Friday, September 5, 2014

Here's to the queen of comedy!

Yesterday afternoon I received a text. 

It was from the beau and it simply said "your joan rivers died." 


While Joan Rivers was far from being solely mine, the news of her death did, in fact, hit me hard.

I never met her but I felt like I knew her. 


Thanks to her trailblazing stand-up comedy routines, her outrageous red carpet antics (she made the red carpet what it is today - before her, it was literally just a carpet), her hilarious (and touching) reality series Joan & Melissa: Joan Knows Best?, the insightful documentary about her life fittingly dubbed a Piece of Work, her biting Fashion Police quips and, of course, her salacious In Bed with Joan web chat show, I came to know one of the funniest, and hardest-working, women in showbiz.

And if the most important thing to be able to laugh at is yourself, then she was definitely a pro at that as well:

   comedy central roast of joan rivers

Interestingly enough, I came to "know" Joan through one of her greatest critics: my gal Chelsea Handler.
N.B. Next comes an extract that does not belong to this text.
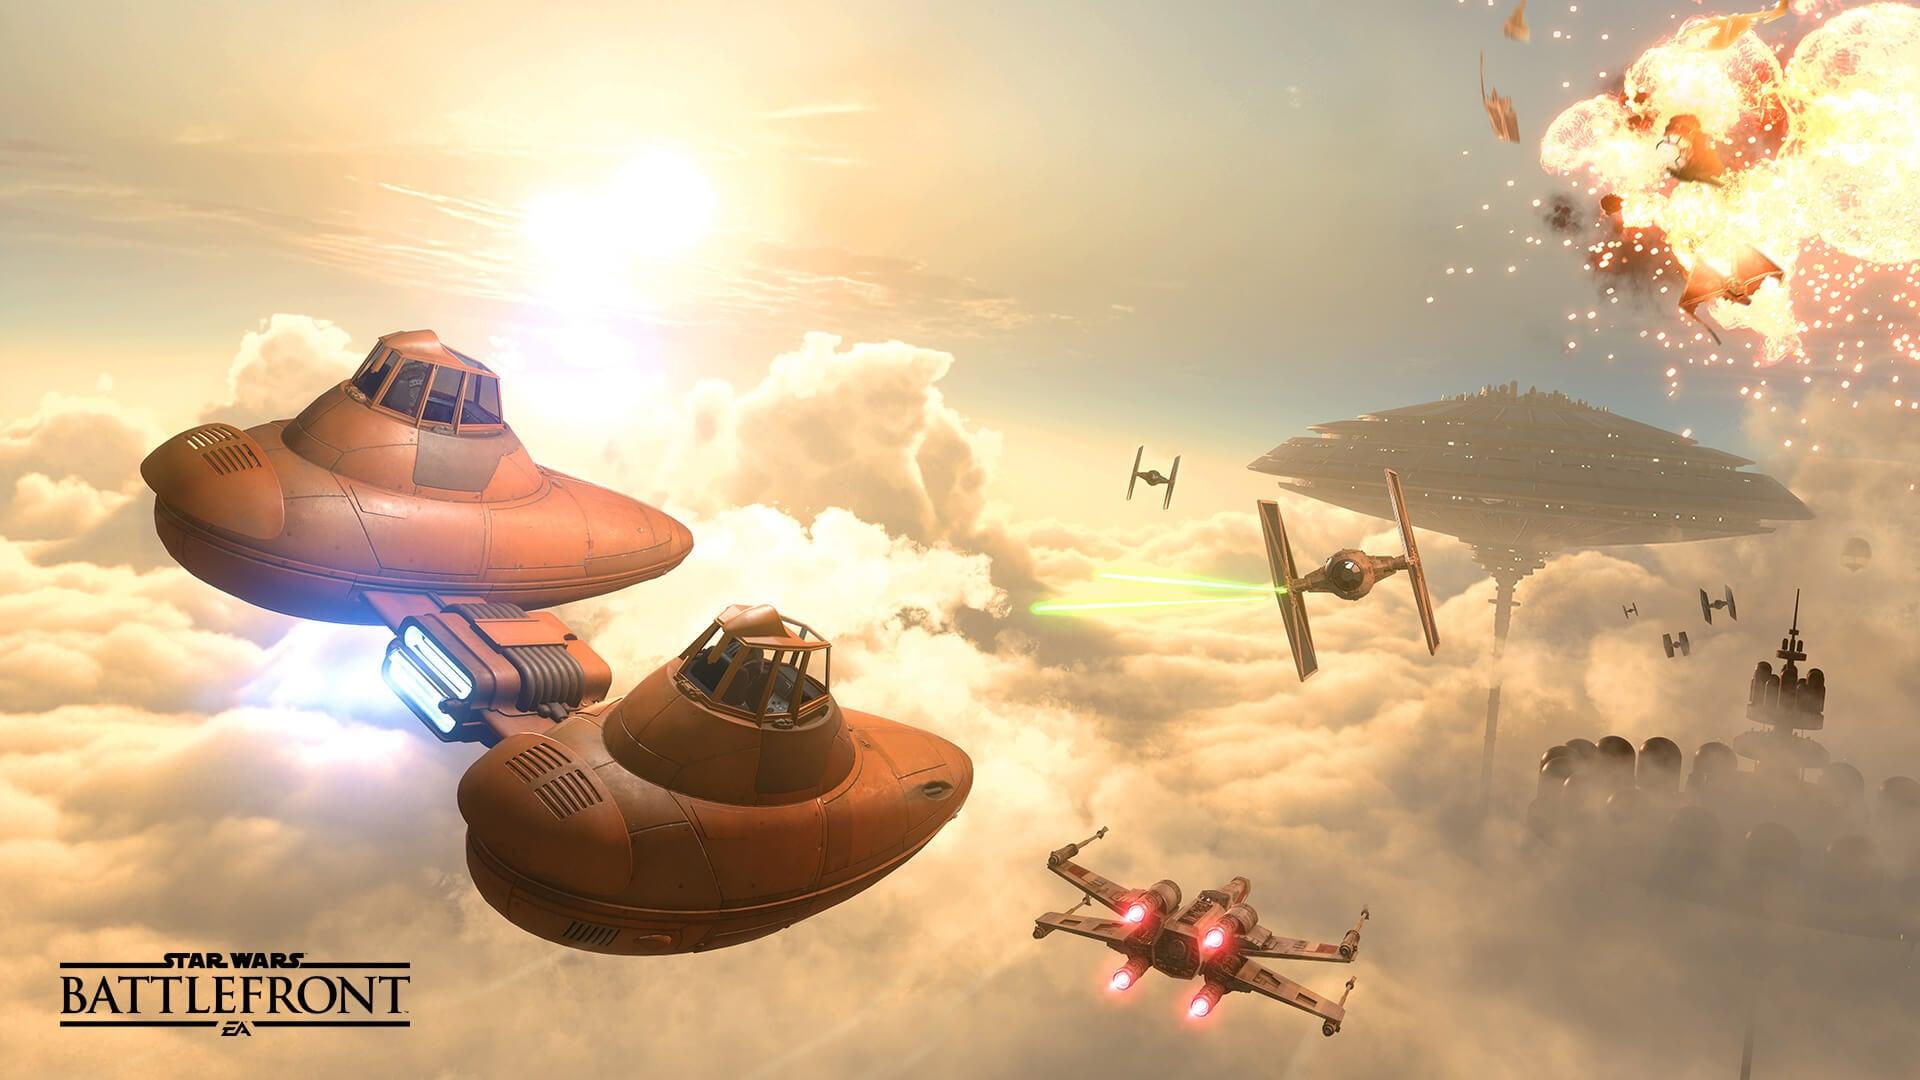 star wars battlefront ii wookieepedia fandom powered

While the two had a well-publicized feud due to the fact that Joan accused Chelsea of sleeping her way to the top and being a "drunk whore," it is thanks to one biatch that I got to know the other biatch.

who is wendy williams and why is she drinking tea through a straw?
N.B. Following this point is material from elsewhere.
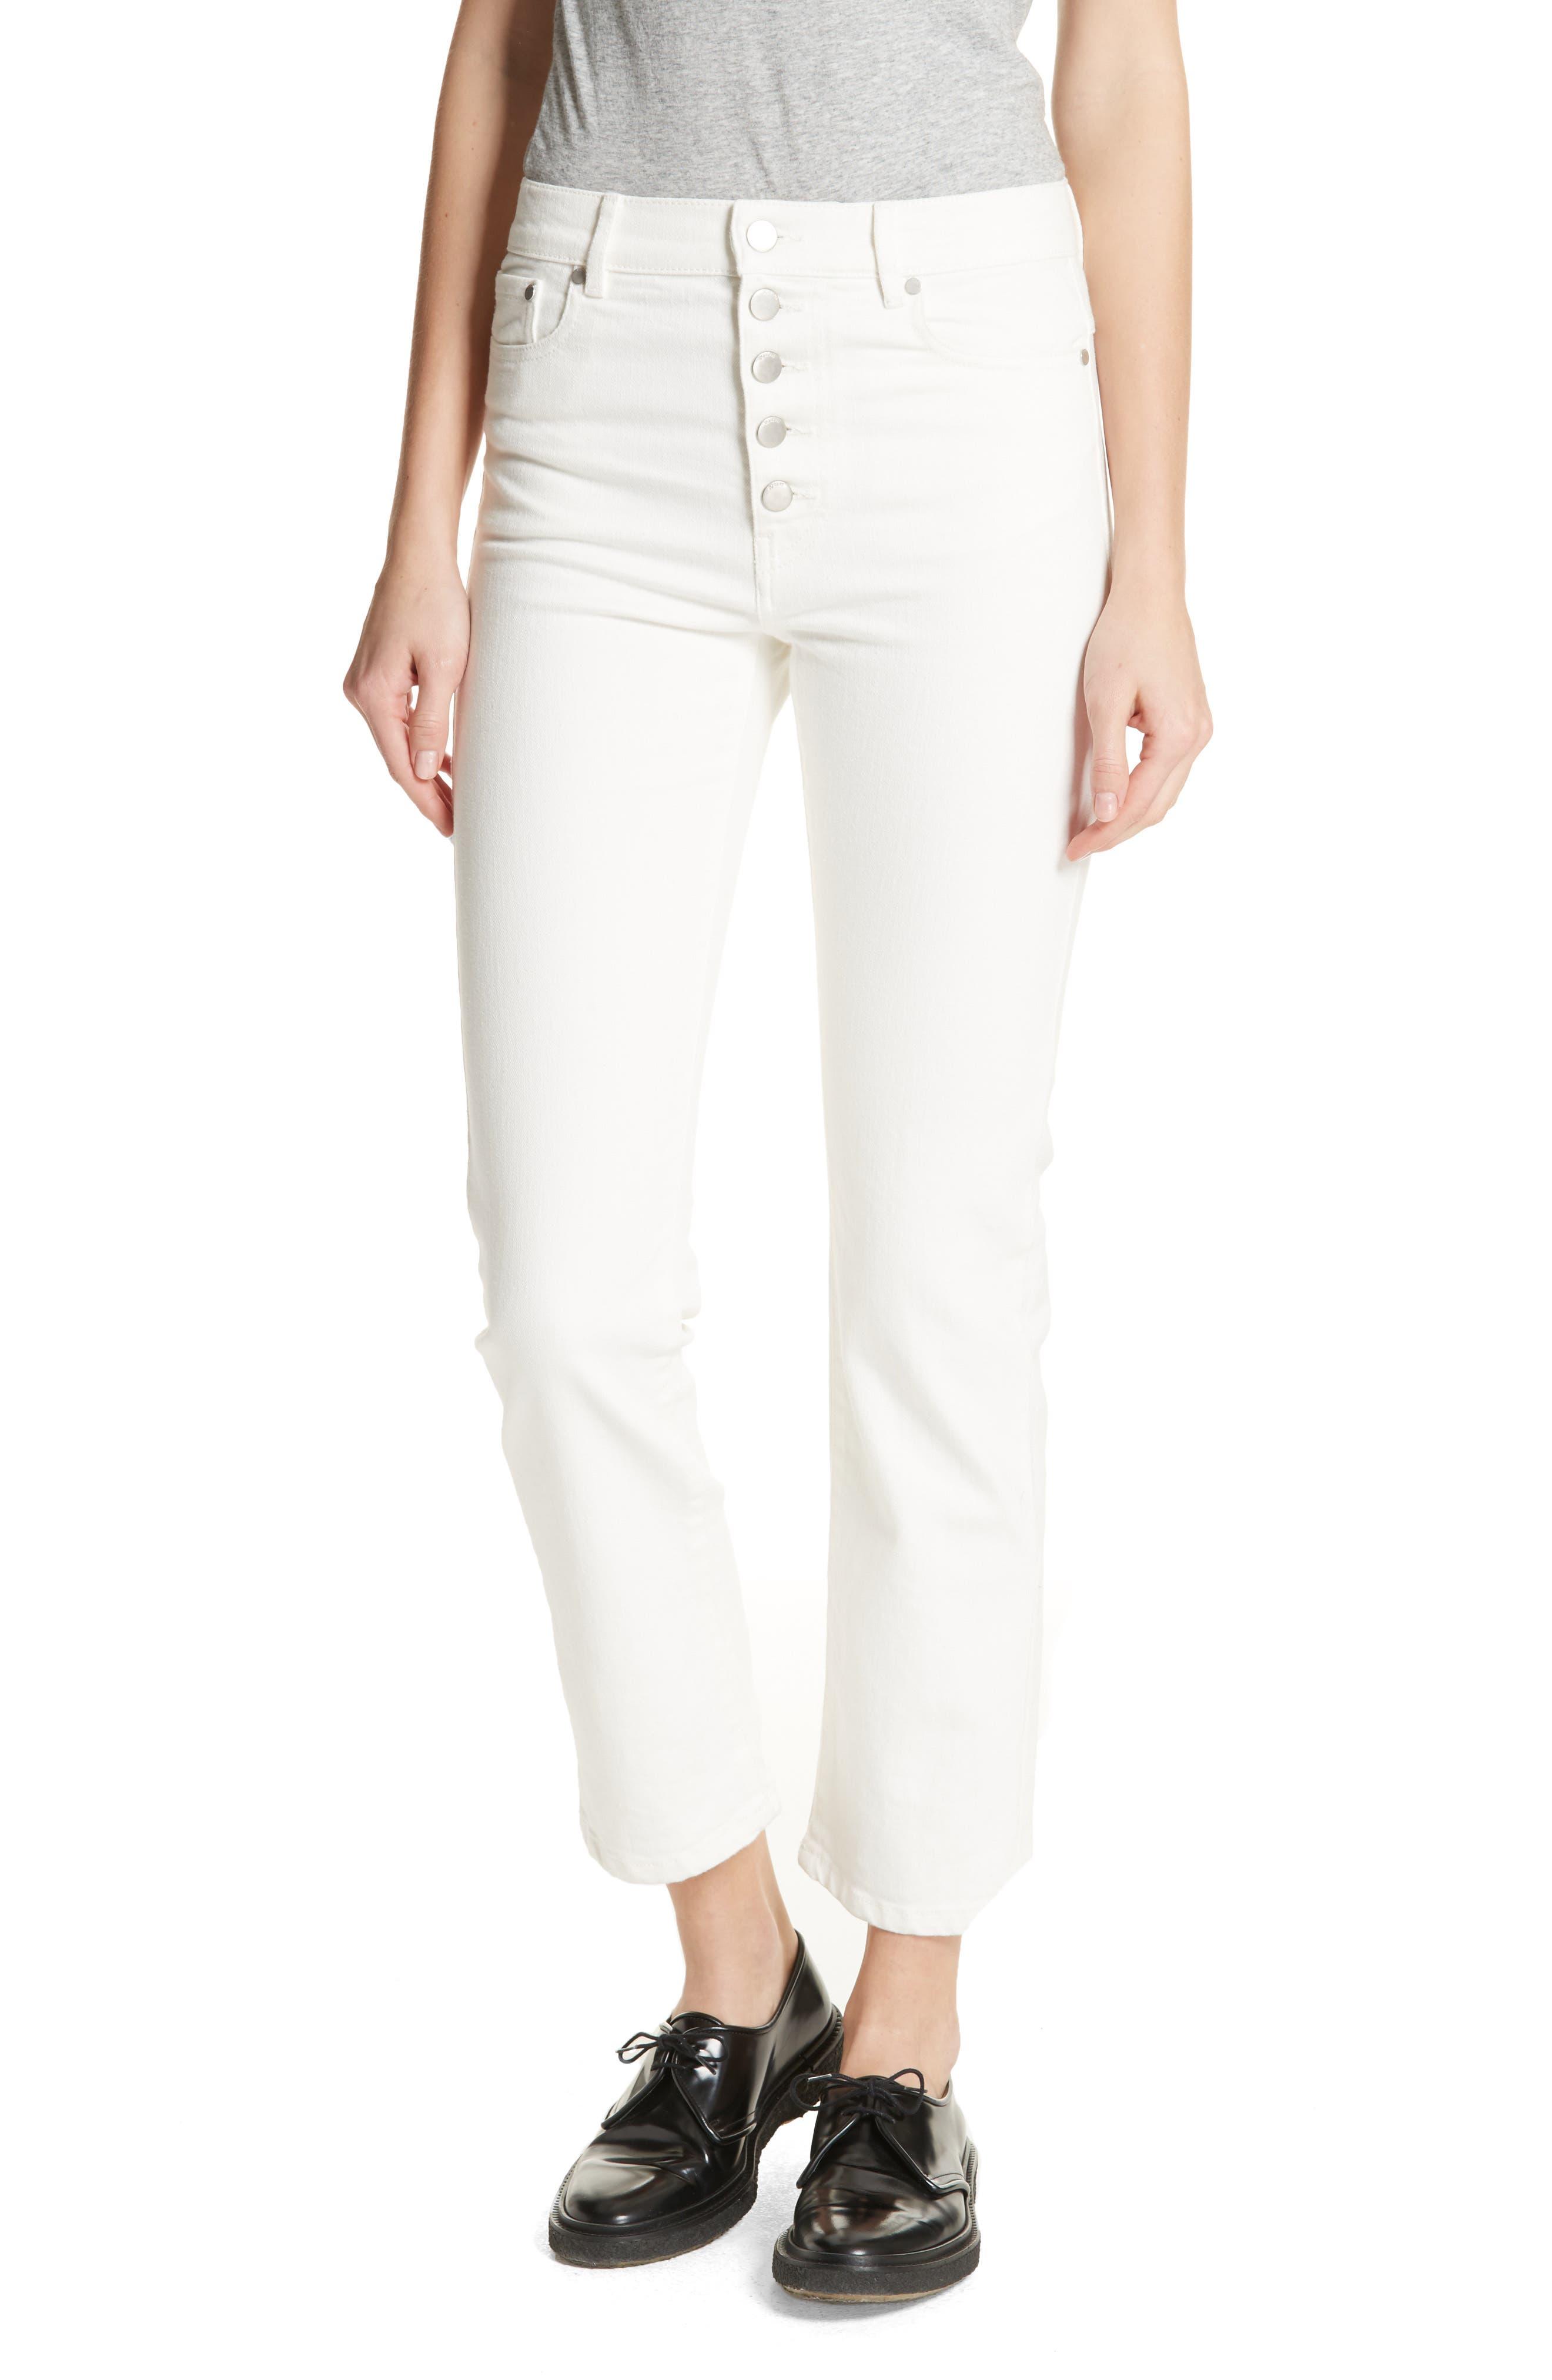 JOSEPH White Denim Jeans

Like most comedians, Joan did not have an easy life. A crippling sense of insecurity (hello plastic surgery!), a marriage that ended when her husband committed suicide after their television show got cancelled and a fraught mother-daughter relationship all contributed to what made Joan who, and how funny, she was.

Watching her documentary was a real eye-opener for me. 


In it, she talks about being fearful of being unemployed and deemed "irrelevant." This from a woman who won wrote 10 books, appeared in nine films and over 60 television shows and sold "$750 million worth of jewellery on the TV shopping channel QVC," according to The Telegraph.  

 miley's tongue thrusting inspiration?

She also unleashes "the card catalog," a catalog of every joke she has ever written.

 the serious business of comedy

If Joan, the woman who "just wanted to be liked" was here today, she would see that she was more than just liked. 

She was loved. 

And she will be missed.   

Oh, and also, this explains a lot:

may the lady with the peace pipe rest in peace!